Corporate imperialism is defined as: Having a narrow and arrogant perspective, assuming that
current product offerings (but lower-quality) in one’s own country can be successful in another
country failing to realize developing countries have their own unique needs and characteristics. ;
imposing Western models of commerce on developing countries. For years, executives have
assumed they could export their current business models around the globe.

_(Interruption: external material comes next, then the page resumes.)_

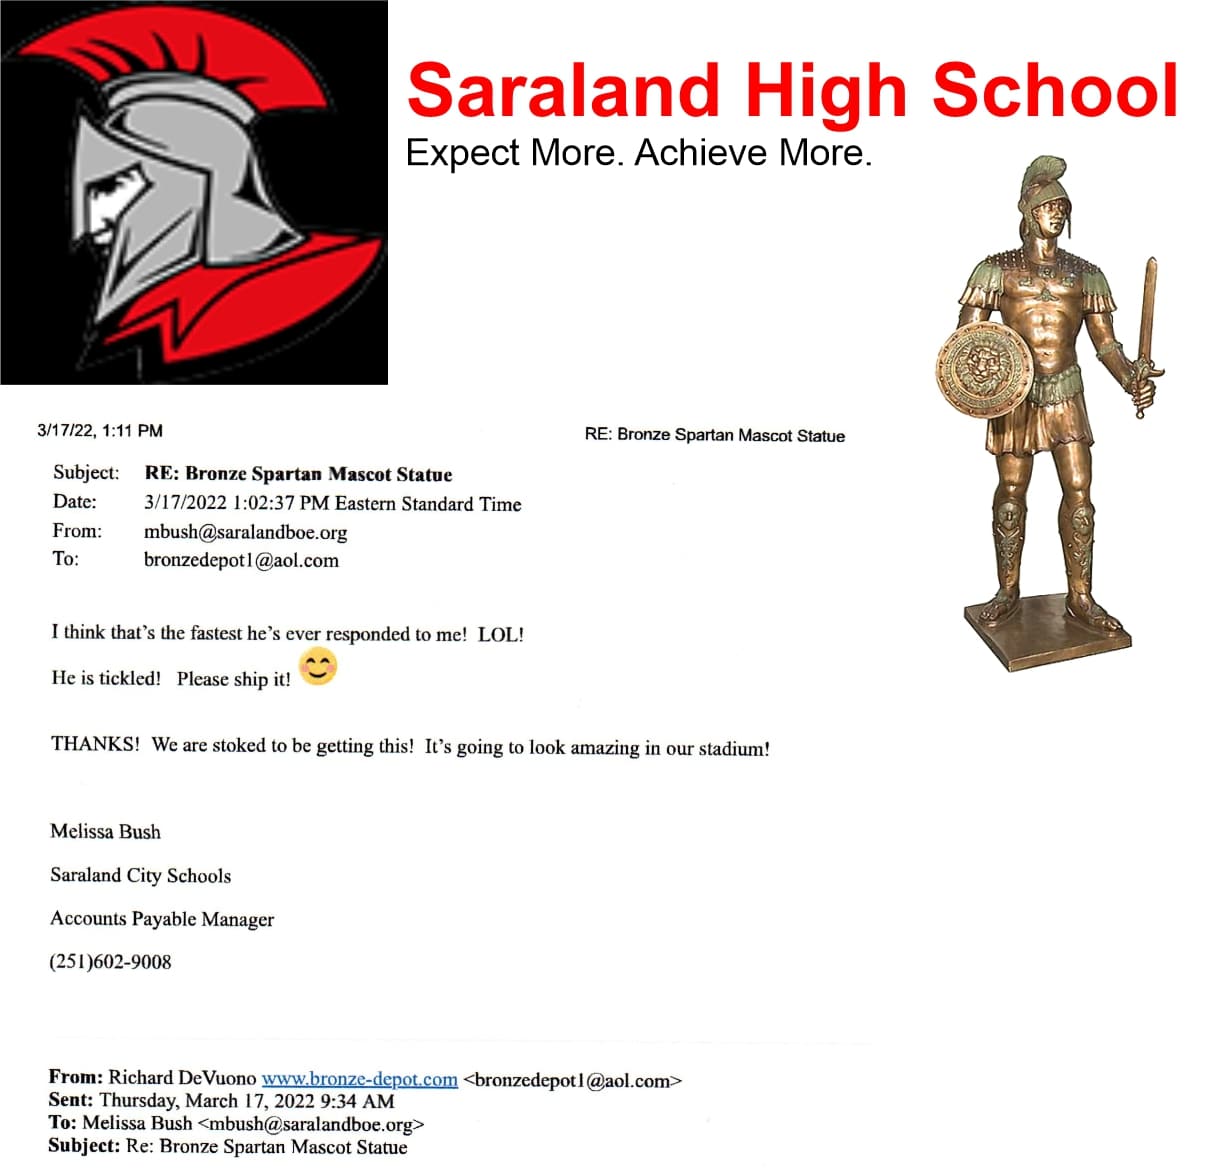 SARALAND HIGH SCHOOL

o This concept helps to better understand past MNC international strategies because
using this mindset, companies would assume that the big emerging markets were
new markets for their old products. They anticipated an easy to achieve increase in
incremental sales for their existing products or the chance to squeeze profits out
of their old technologies. This thinking has lead to companies only being able to
obtain small segments of relatively affluent buyers. As a result they miss the very
real opportunity to reach much larger markets that make up the lower parts of the
socioeconomic pyramid (BOP market)
- Many multinationals did not consciously look at emerging markets as sources of
technical and managerial talent for their global operations. Due to this imperialist mind-
set, MNCs have achieved only limited success in those markets.

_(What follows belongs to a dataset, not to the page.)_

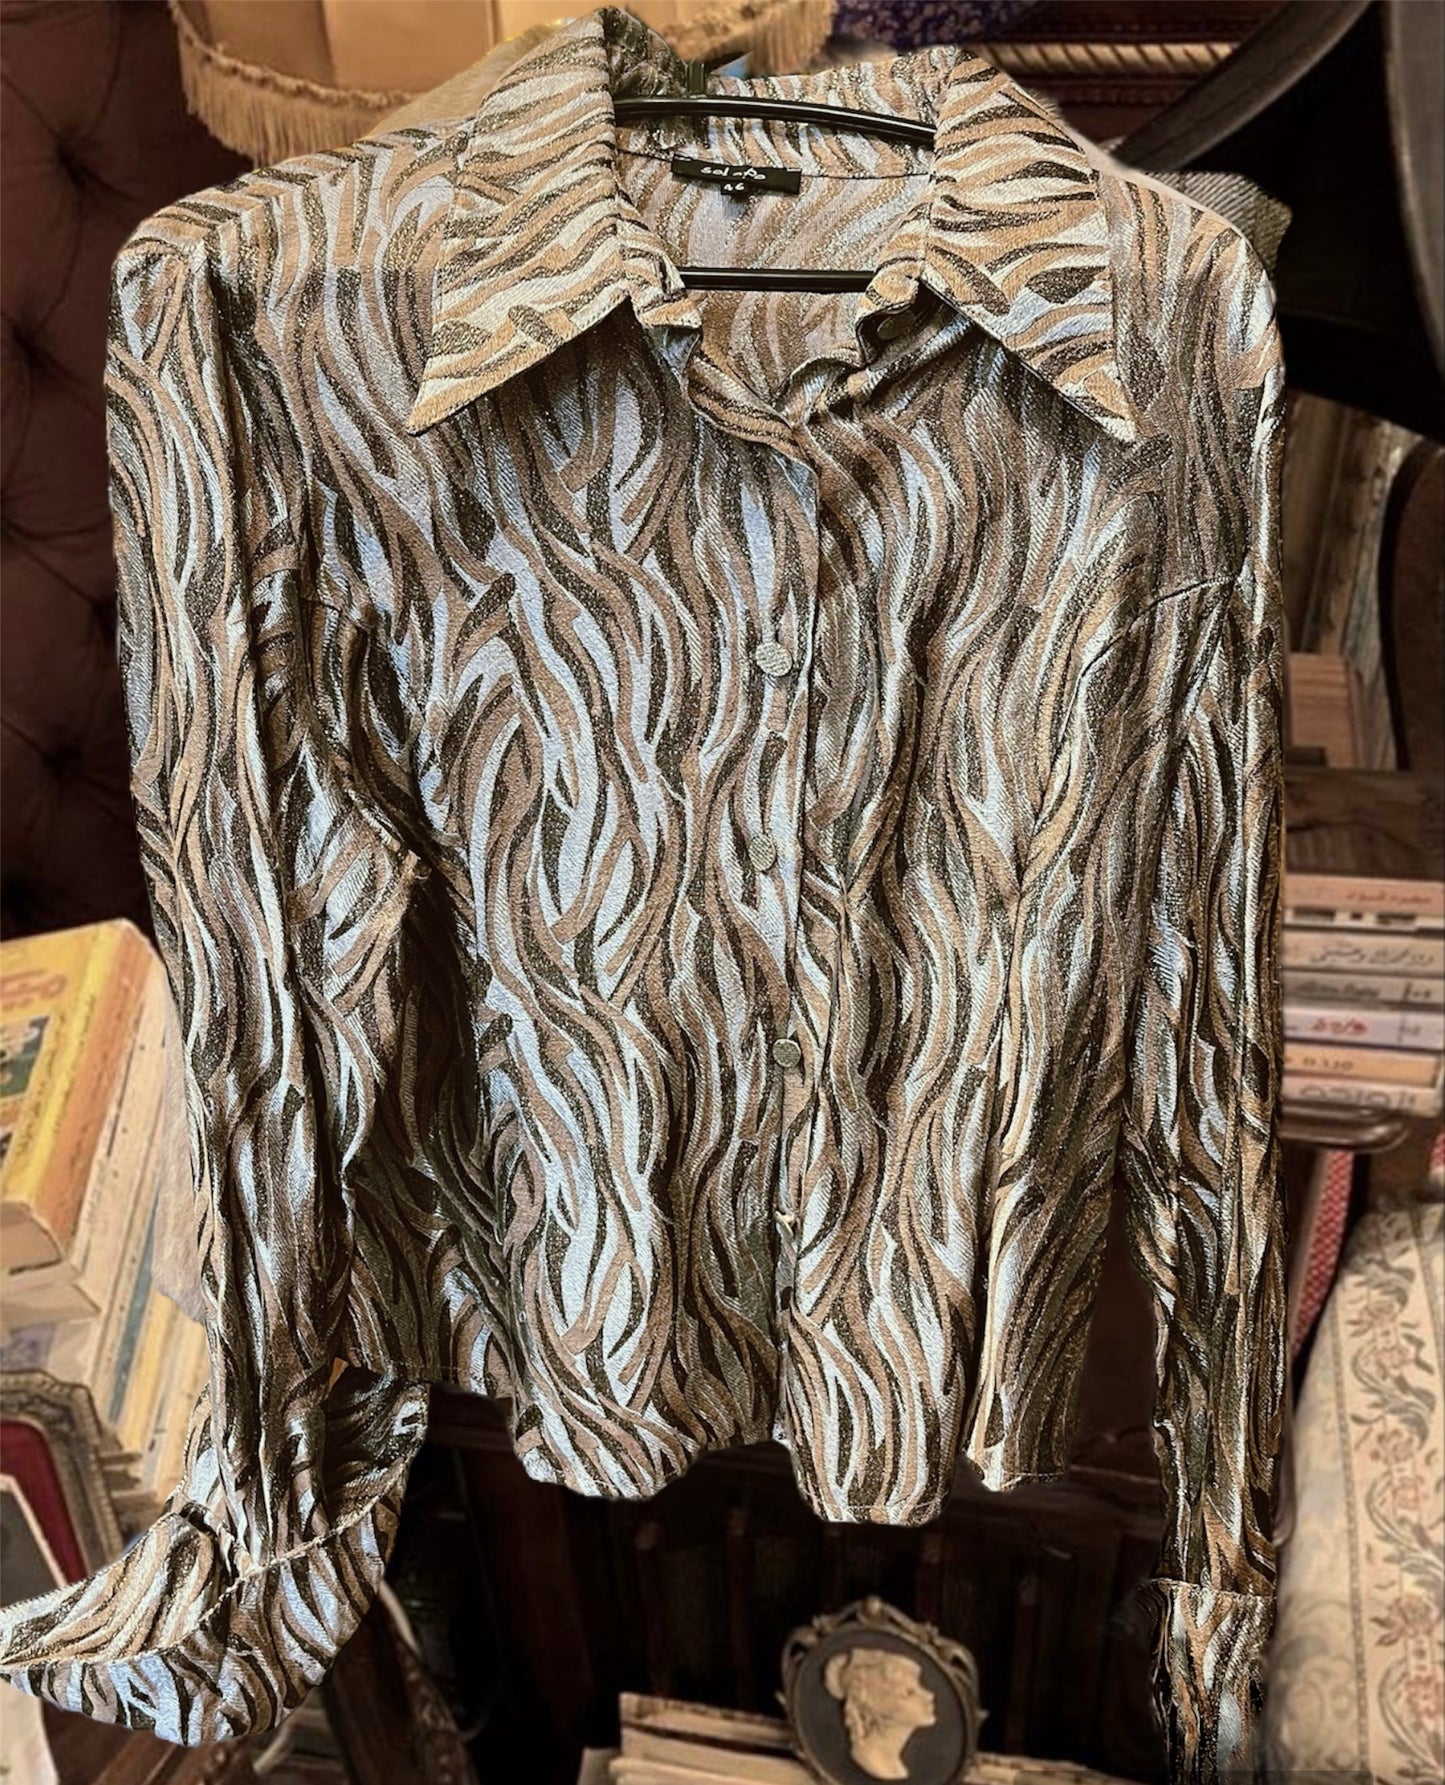 Vintage sparkling 70s button up shirt .Fits best S

The implications for MNCs are:
- They must realize that success in the emerging markets will require innovation and
resource shifts. Therefore, as MNCs achieve success in those markets, they will also
bring corporate imperialism to an end.
- As MNCs try to understand the nature of these markets, the more they will have to
rethink and reconfigure every element of their business models.
- Successfully reaching these broader markets will require developing a deep and unbiased
understanding of the characteristics and needs of these developing markets.
Example: Revlon is an example from the article, where they introduced their western beauty products
to China in 1976 and India in 1994, where only the top-tier valued and could afford Revlon’s brand, they
underestimated the different cultural characteristics of the markets.